Consistent format/tone/structure at scale without re-explaining it every prompt.

Specialized judgment that's hard to express as retrievable documents.
Shorter prompts at inference (the behavior is internalized), which can cut per-call cost at high volume.

The catch: every time the requirement changes, you curate data and retrain again. Data prep is the real cost, not the GPU time.

The decision checklist

Run down this list; stop at the first strong signal.

  1. Knowledge changes often? → RAG. Retraining on every doc update is masochism.
  2. Need source-cited / auditable answers? → RAG. Fine-tuned weights can't tell you why.
  3. The model keeps getting the format/tone/judgment wrong, not the facts? → Fine-tuning.
  4. Have a few hundred clean labeled examples? Required for fine-tuning. If not, RAG is the faster start.
  5. Still unsure? → Start with RAG. It's cheaper to build, easier to debug, and solves the most common failure (the model not knowing your stuff).

And the part most posts skip: they're not mutually exclusive.
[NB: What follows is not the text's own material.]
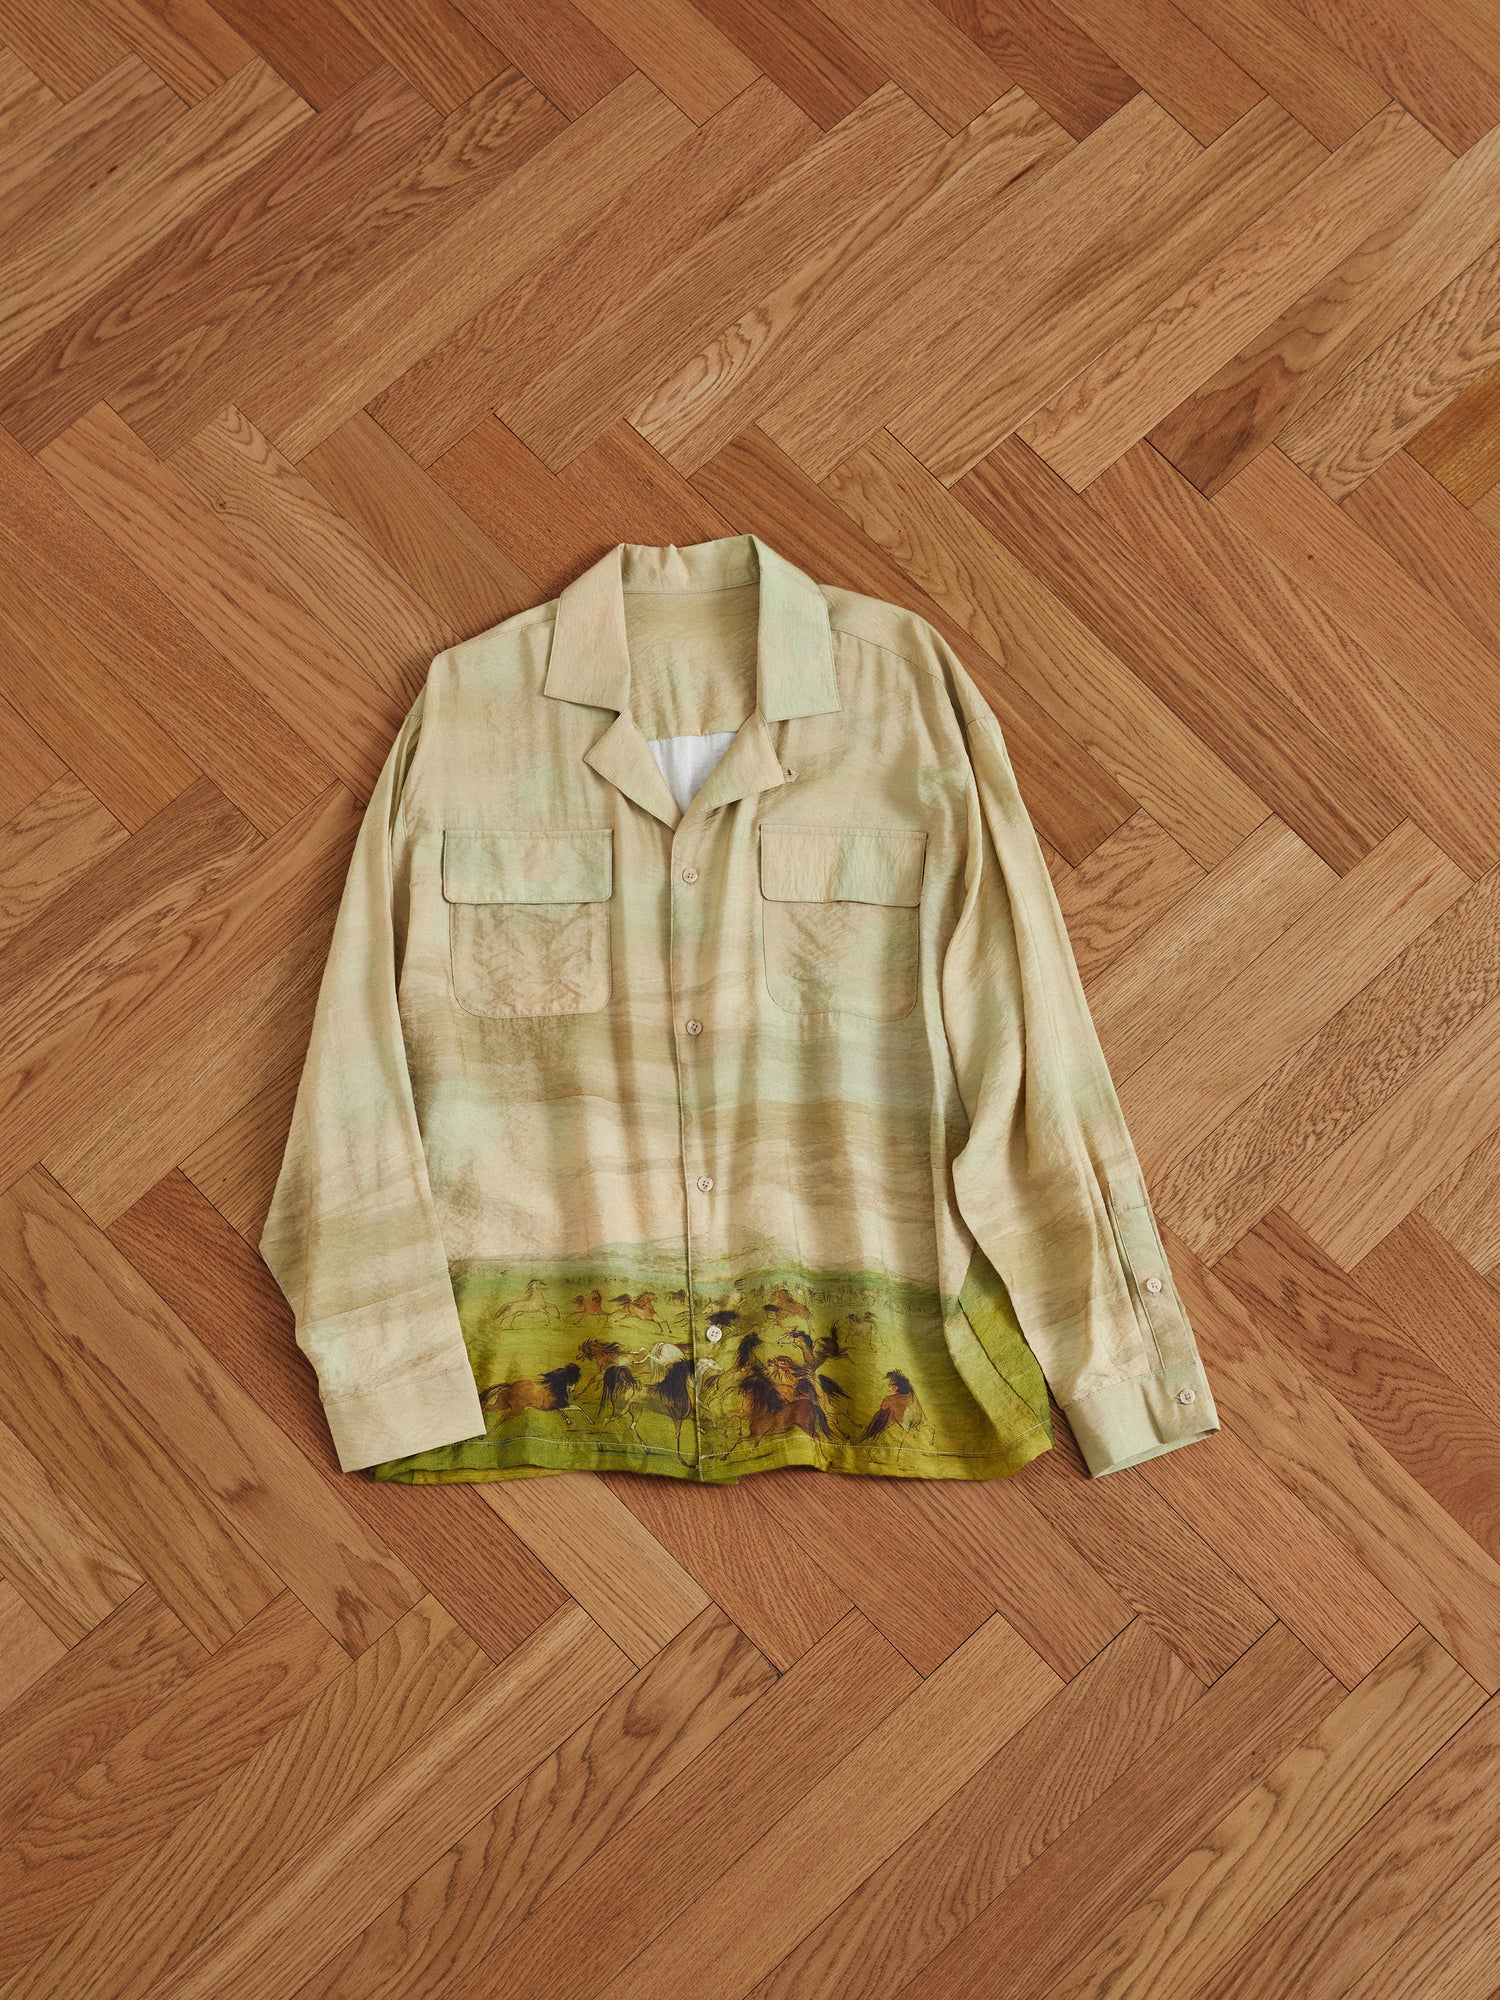 A Grasslands Long Sleeve Camp Shirt with Phulkari motifs on a wooden floor by Found.

Mature systems fine-tune for behavior and bolt RAG on top for fresh facts. "RAG vs Fine-Tuning" is increasingly "RAG and Fine-Tuning."

Gotchas I've hit

  • Chunking quietly decides your accuracy. Bad chunk boundaries (splitting a table mid-row, 2000-token mega-chunks) wreck retrieval before the model ever sees the question. Tune chunk size and overlap before you blame the LLM.

  • RAG is not plug-and-play. "Retrieved the wrong context → confidently wrong answer" is the #1 RAG failure mode. Add an eval set early.
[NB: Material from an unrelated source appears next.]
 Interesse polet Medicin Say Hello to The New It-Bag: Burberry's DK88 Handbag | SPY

  • Fine-tuning a knowledge problem is the classic expensive mistake. If the fix is "teach it our current pricing," fine-tuning is slow, costly, and goes stale. Use RAG.

  • No eval = no progress. Build a small labeled test set before launch. Without it you're tuning blind and "it feels better" becomes your only metric.
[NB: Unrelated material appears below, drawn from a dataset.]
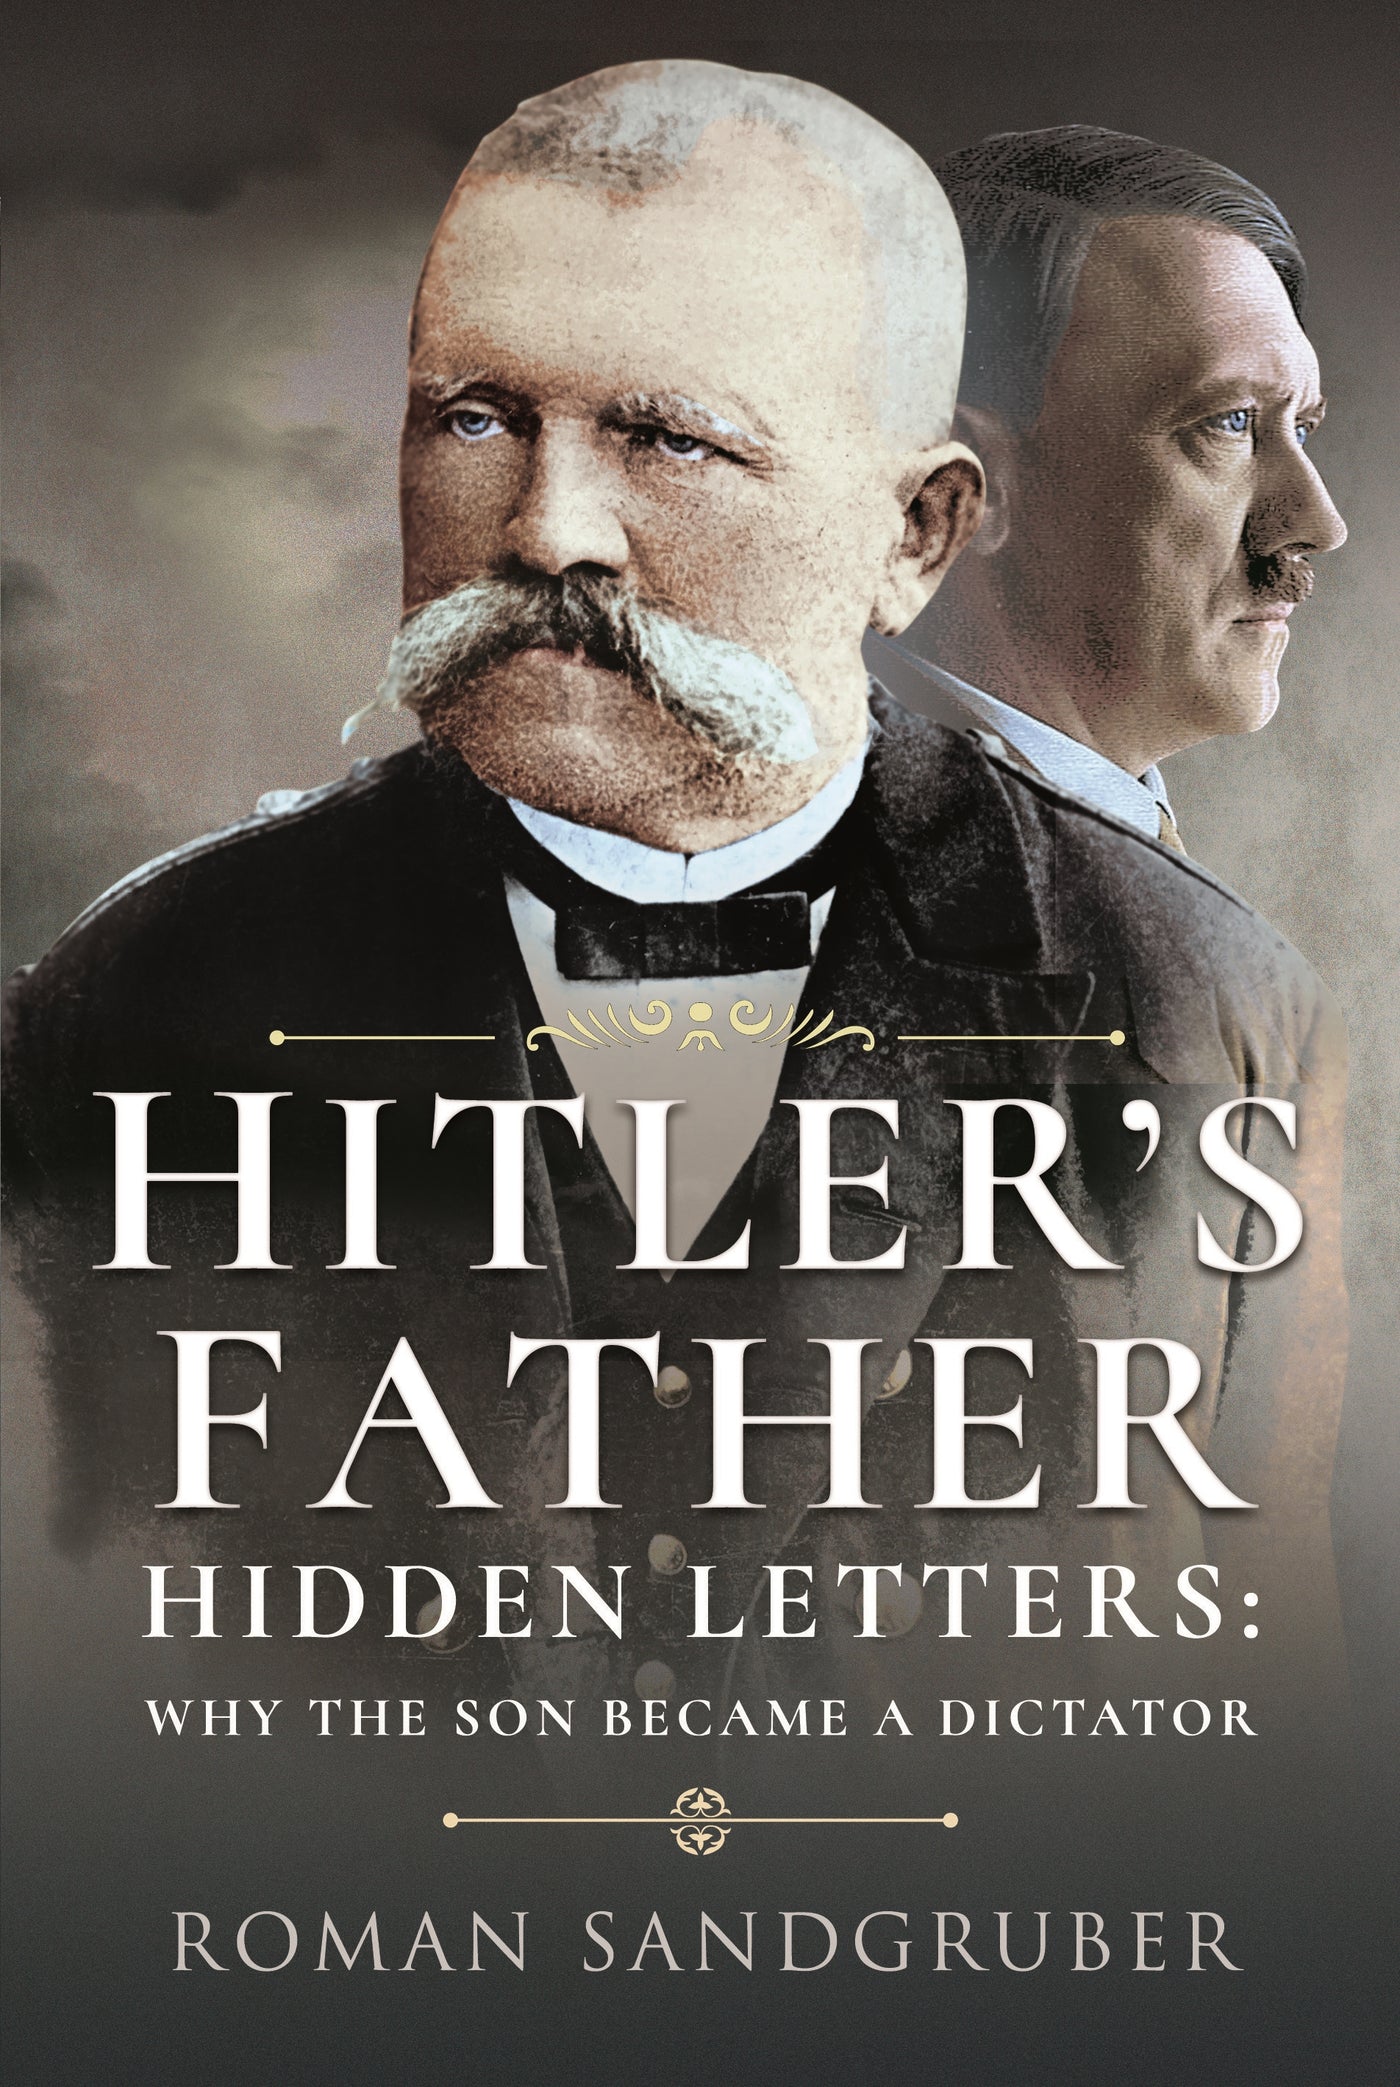 Hitler's Father

  • Garbage in, confident garbage out. Both approaches amplify whatever you feed them. Clean the data first.

Difference Between RAG vs Fine-Tuning

RAG

  • Fixes: knowledge gaps
  • Update knowledge: edit a document, no retraining
  • Traceable answers: yes - you know which chunk produced them
  • Upfront cost: lower
  • Best start for most teams: yes

Fine-Tuning

  • Fixes: behavior gaps
  • Update knowledge: retrain
  • Traceable answers: no
  • Upfront cost: higher (data prep is the real cost)
  • Best start for most teams: add later, once behavior is the blocker

Conclusion

The "RAG vs Fine-Tuning" debate isn't a turf war - it's a routing decision. Point a knowledge problem at RAG and a behavior problem at fine-tuning, and most of the confusion disappears.

For the large majority of teams, the right first move is RAG: it's cheaper to build, far easier to debug, ships in days instead of weeks, and directly solves the most common failure mode - the model not knowing your stuff. Reach for fine-tuning when the model already has the facts but keeps getting the format, tone, or judgment wrong, and you've got a few hundred clean examples to teach it. When you've earned the complexity, run both: fine-tune for behavior, layer RAG on top for fresh, traceable facts.

The expensive mistake to avoid is reaching for fine-tuning to fix a knowledge gap. It's slow, it goes stale, and a retrieval layer would've done the job in a fraction of the time. Start simple, measure with a real eval set, and only add weight to the system when the evidence says you need it.